Collected material:
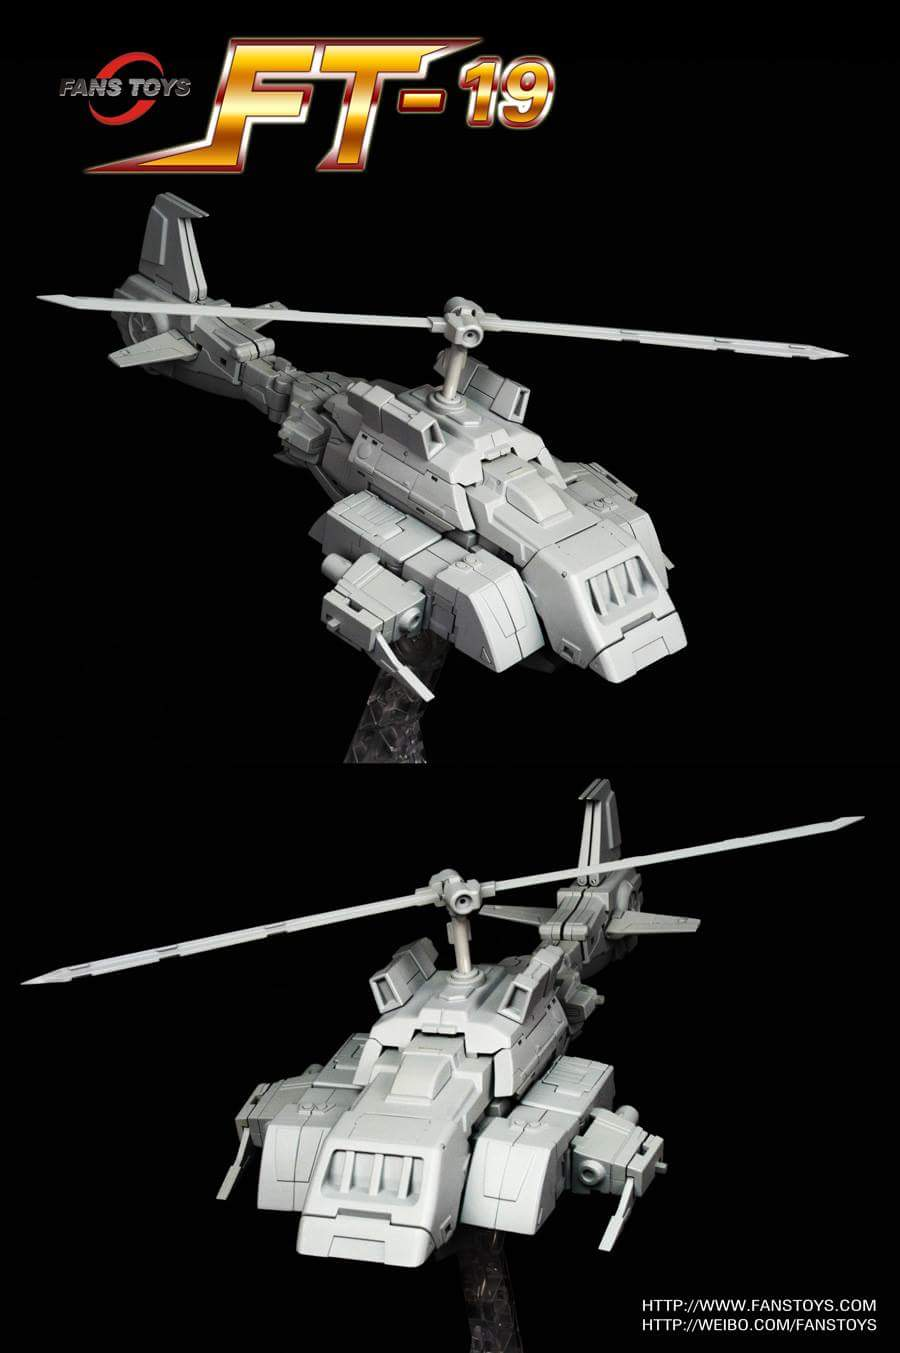 [Fanstoys] Produit Tiers - Jouet FT-19 Apache - aka Springer/Ricochet CkqesUQI
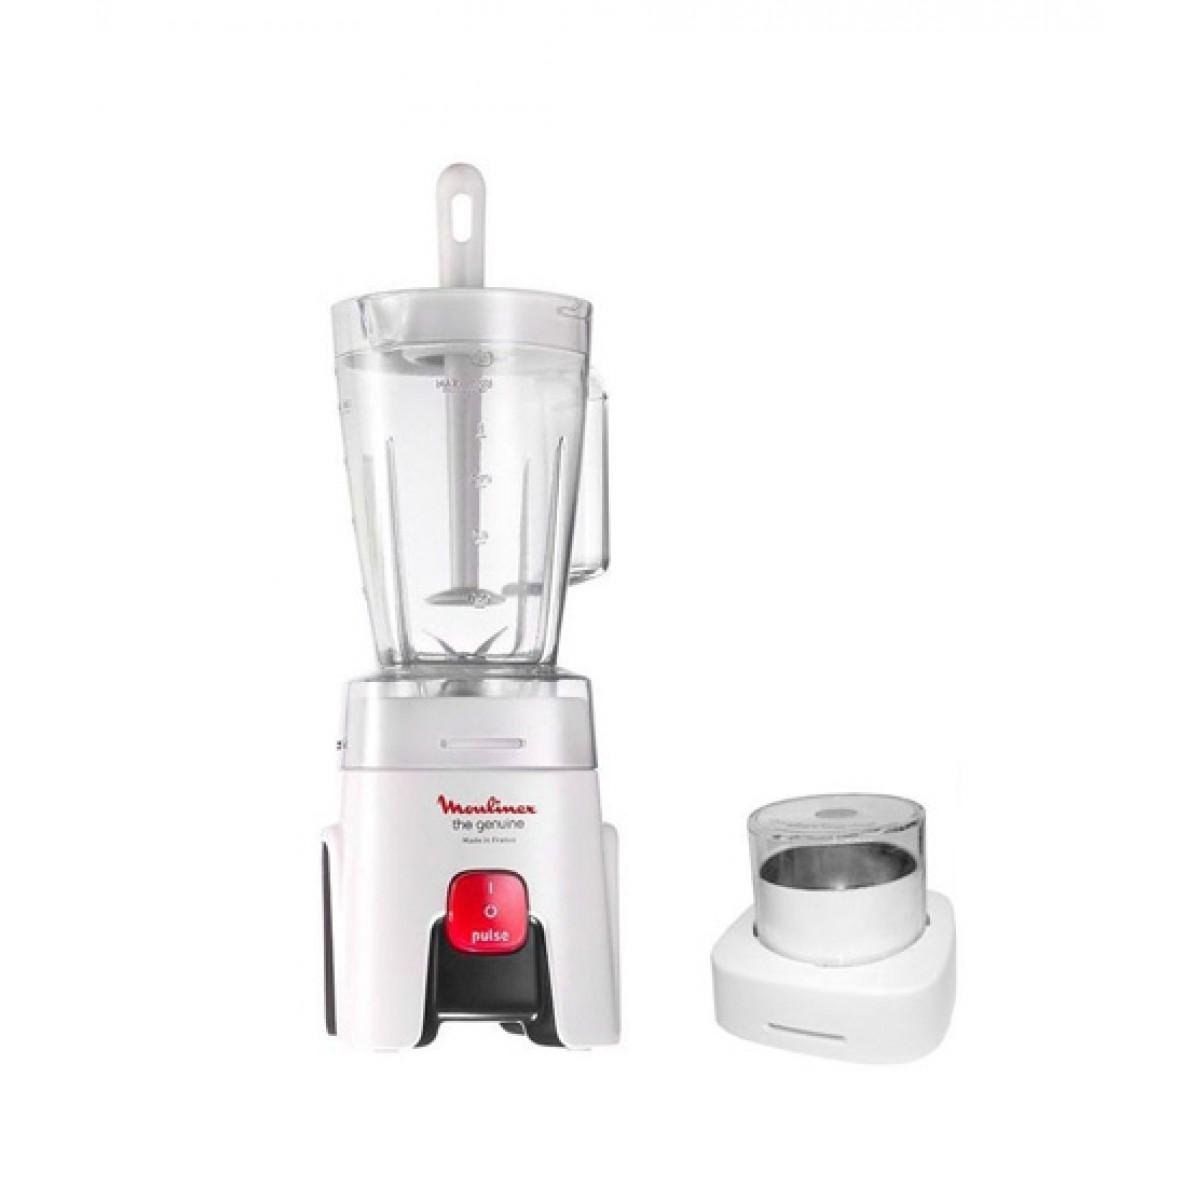 Moulinex Lm241025 Juicer Blender Price In Pakistan Homeshopping
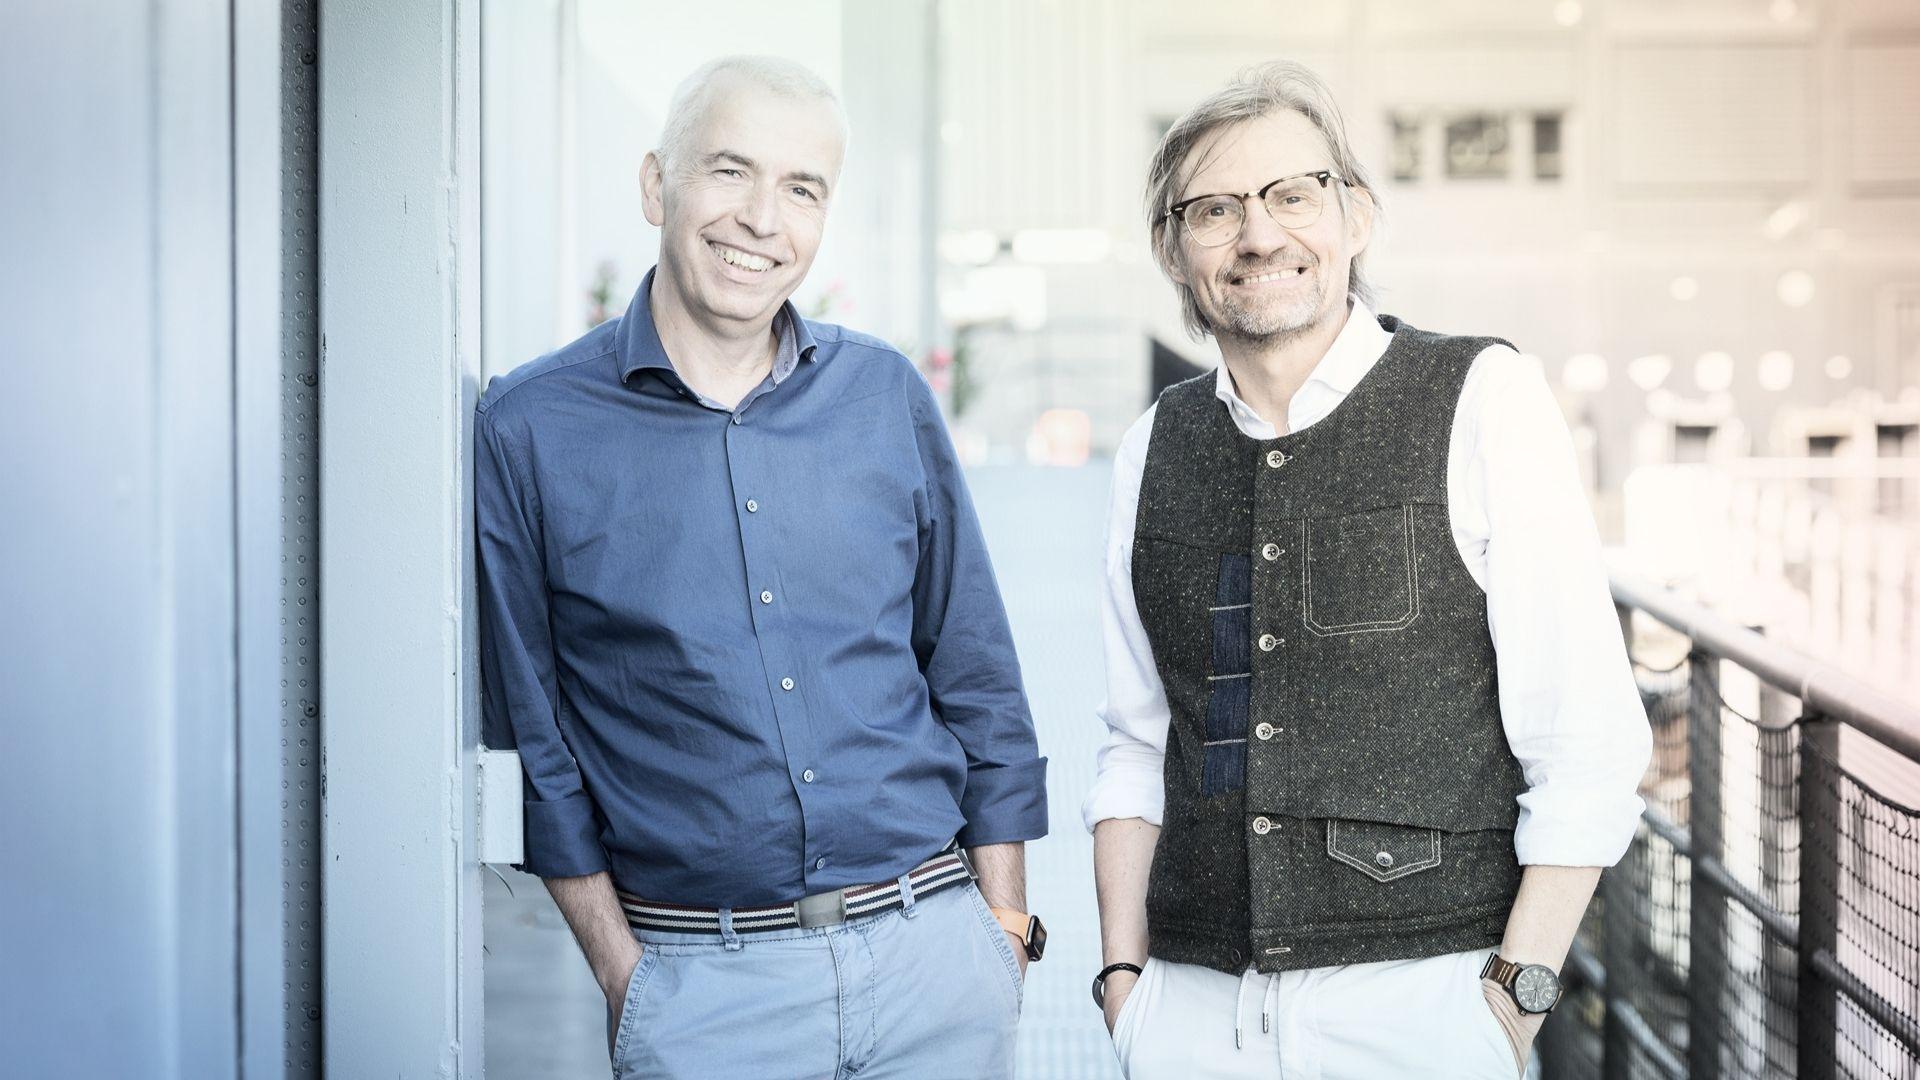 Olav Strawe (l) und Ralf Mühlenhöver (r)
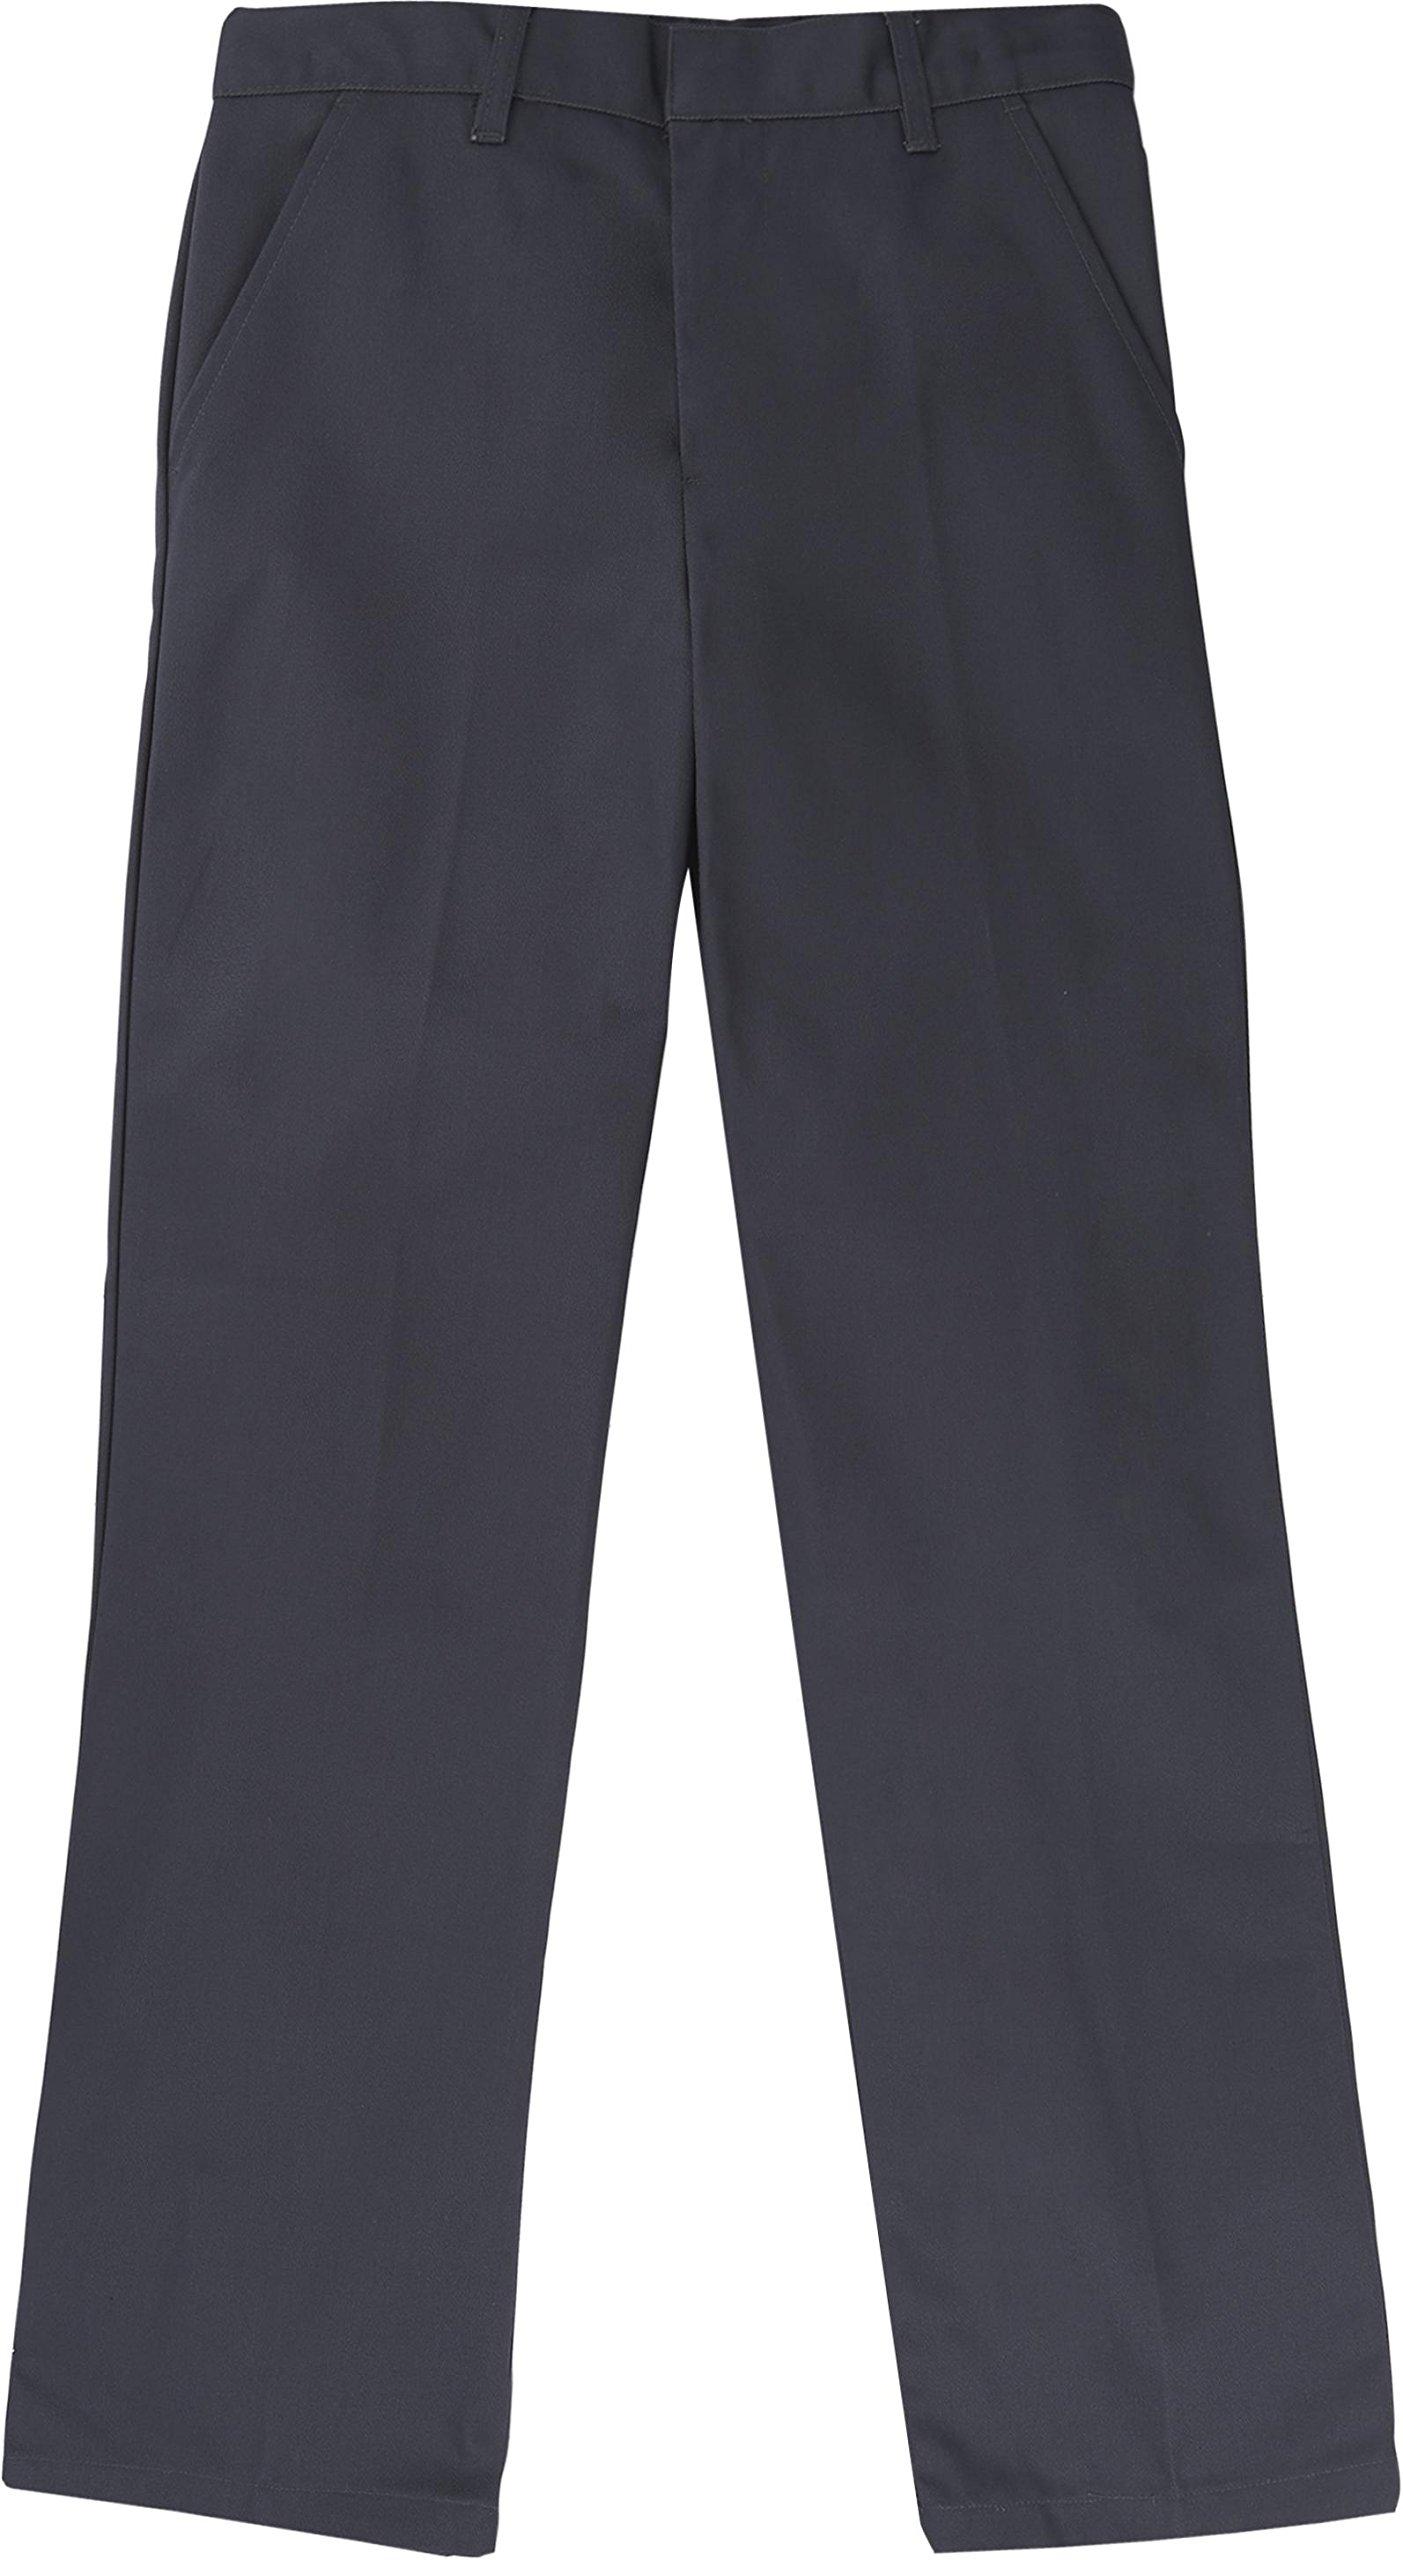 French Toast School Uniform Boys Adjustable Waist Flat Front Workwear Finish Double Knee Pants, Gray, 14 Slim

Task to carry out: Starting with the line that holds "Olav Strawe (l) und Ralf Mühlenhöver (r)", print each line through the last one of the data exactly as written, but do not include the pictures.

Your response:
 Olav Strawe (l) und Ralf Mühlenhöver (r)
 French Toast School Uniform Boys Adjustable Waist Flat Front Workwear Finish Double Knee Pants, Gray, 14 Slim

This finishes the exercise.